### WORK ORDER
From the line that contains "Lampe, Frederick - Born: [BLANK], Naturalized: 1945" through the last line of the data, copy everything exactly and nothing else, omitting the pictures.

### AVAILABLE DATA
+===+

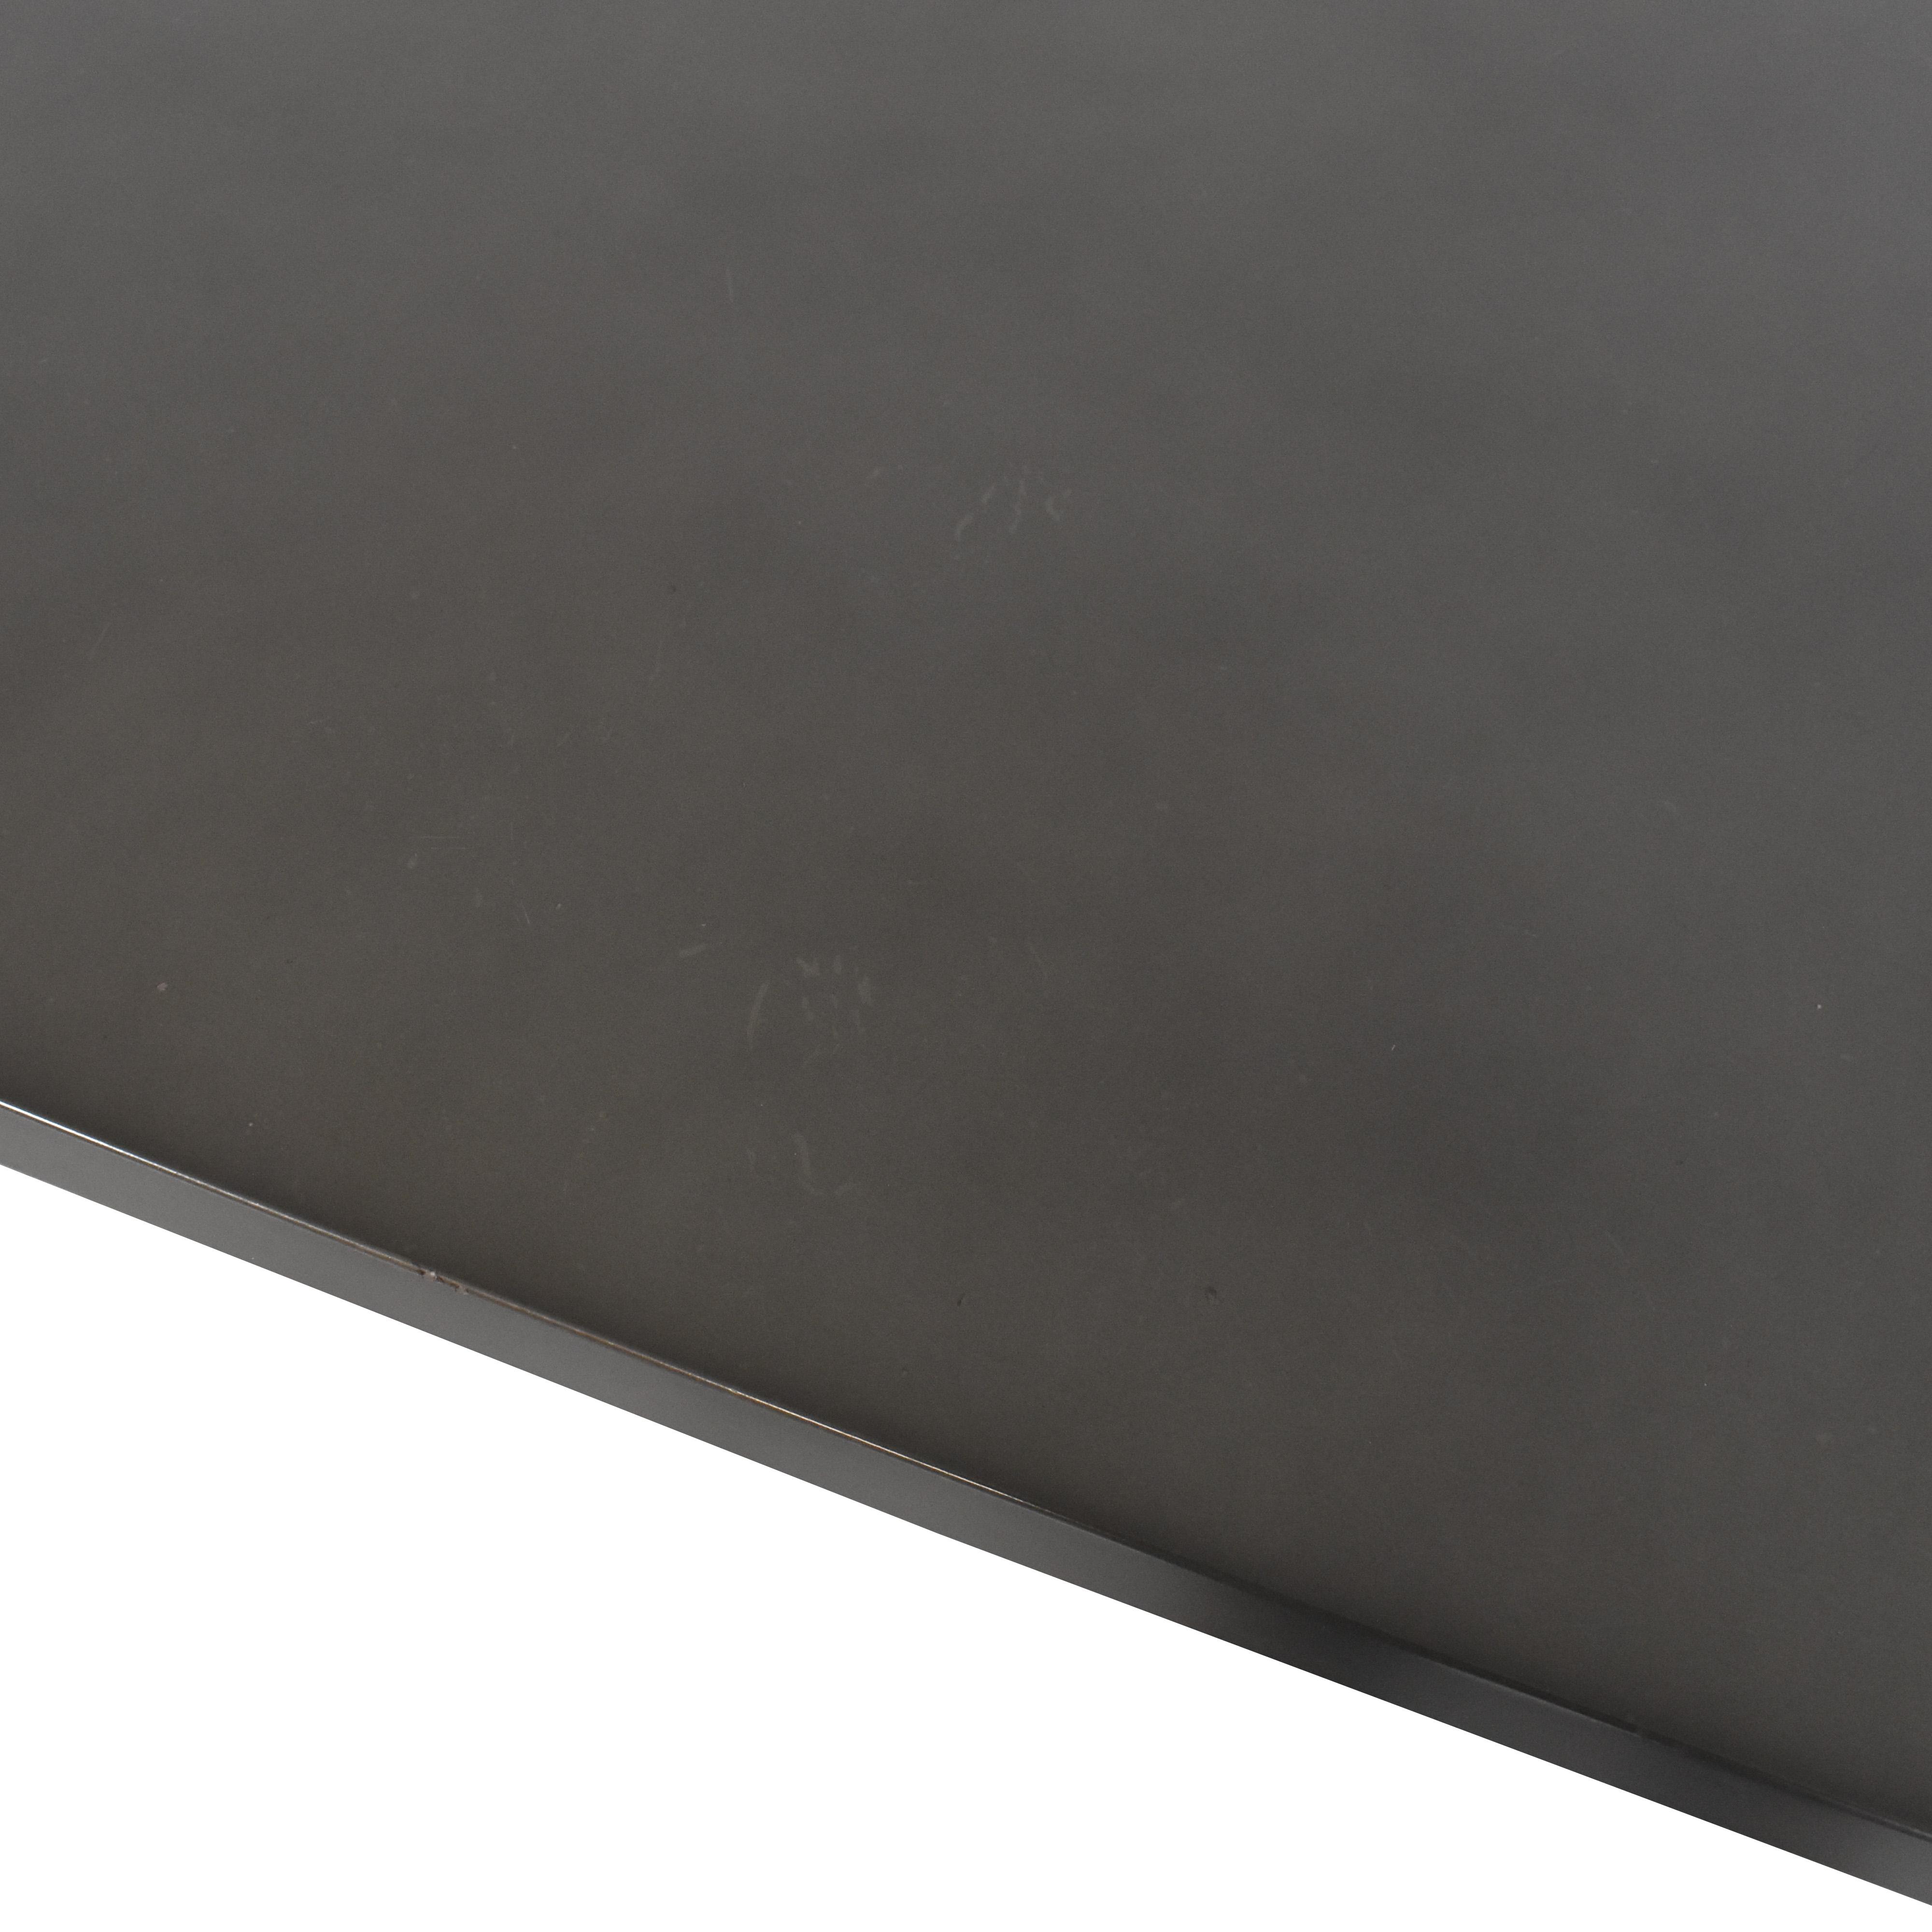 shop Restoration Hardware Reclaimed Wood & Zinc-Top Rectangular Dining Table Restoration Hardware Tables
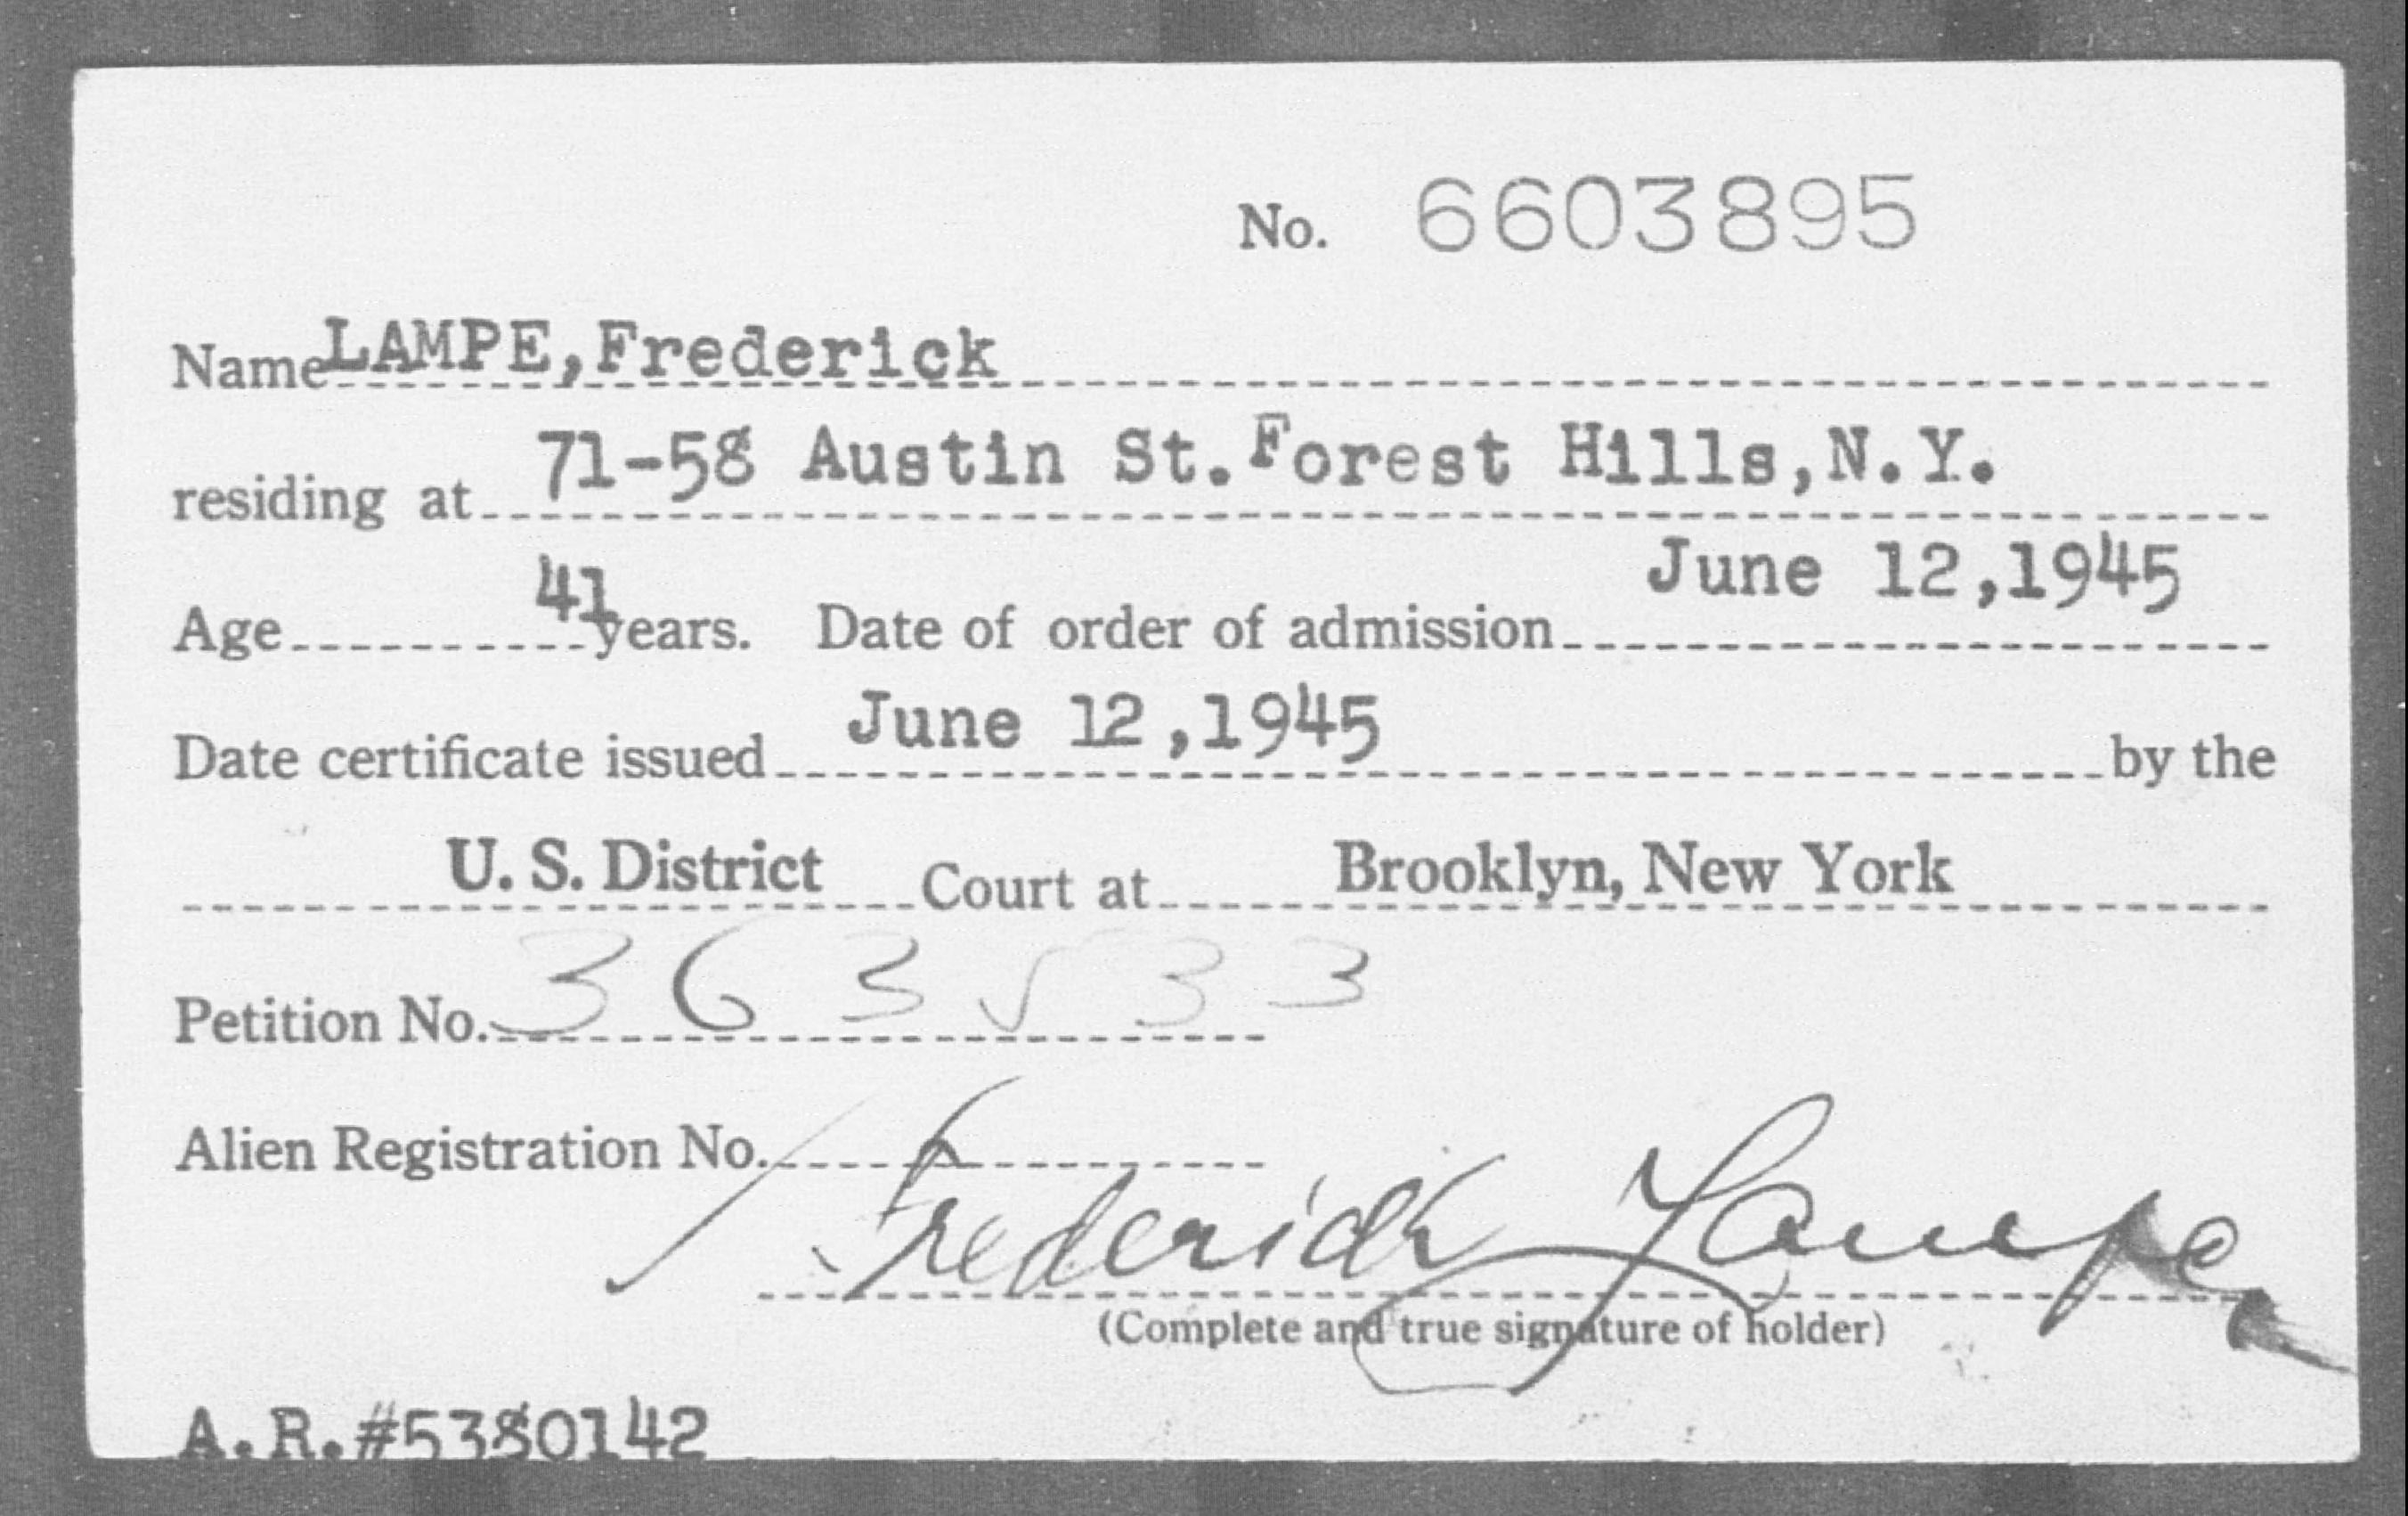 Lampe, Frederick - Born: [BLANK], Naturalized: 1945
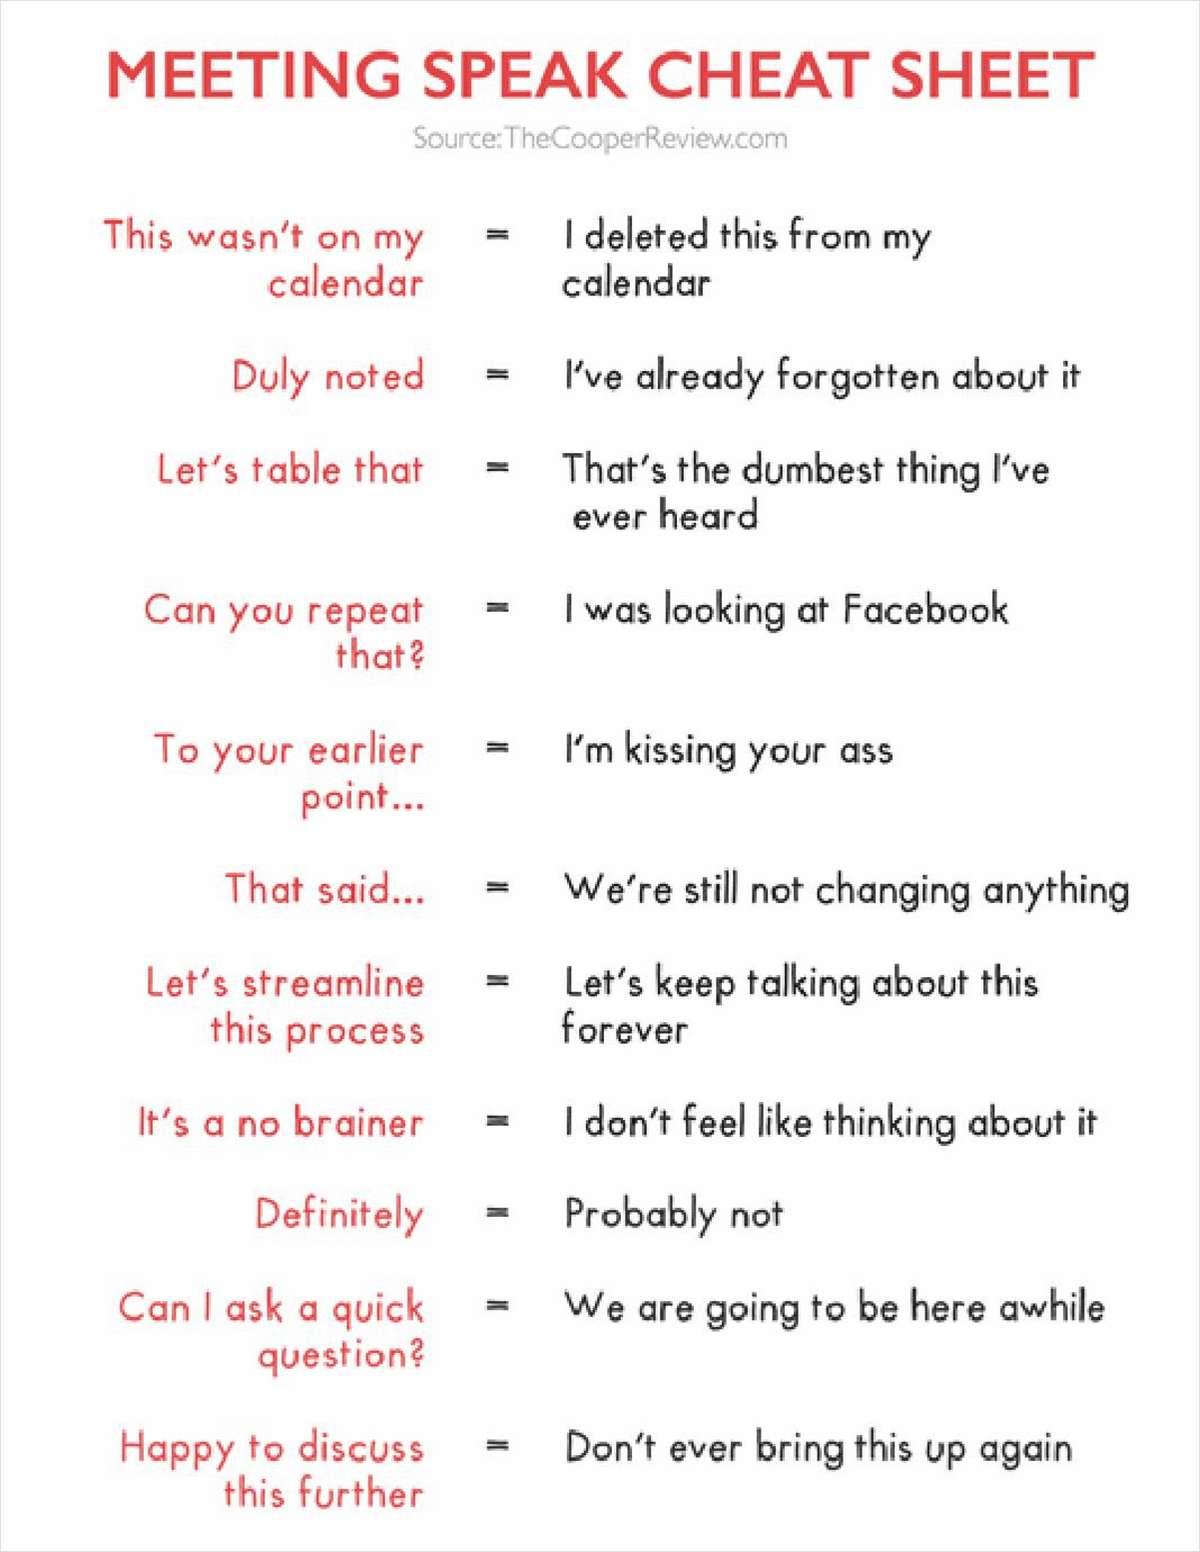 Meeting Speak Cheat Sheet

+===+

### EXERCISE RESULT
 Lampe, Frederick - Born: [BLANK], Naturalized: 1945
 Meeting Speak Cheat Sheet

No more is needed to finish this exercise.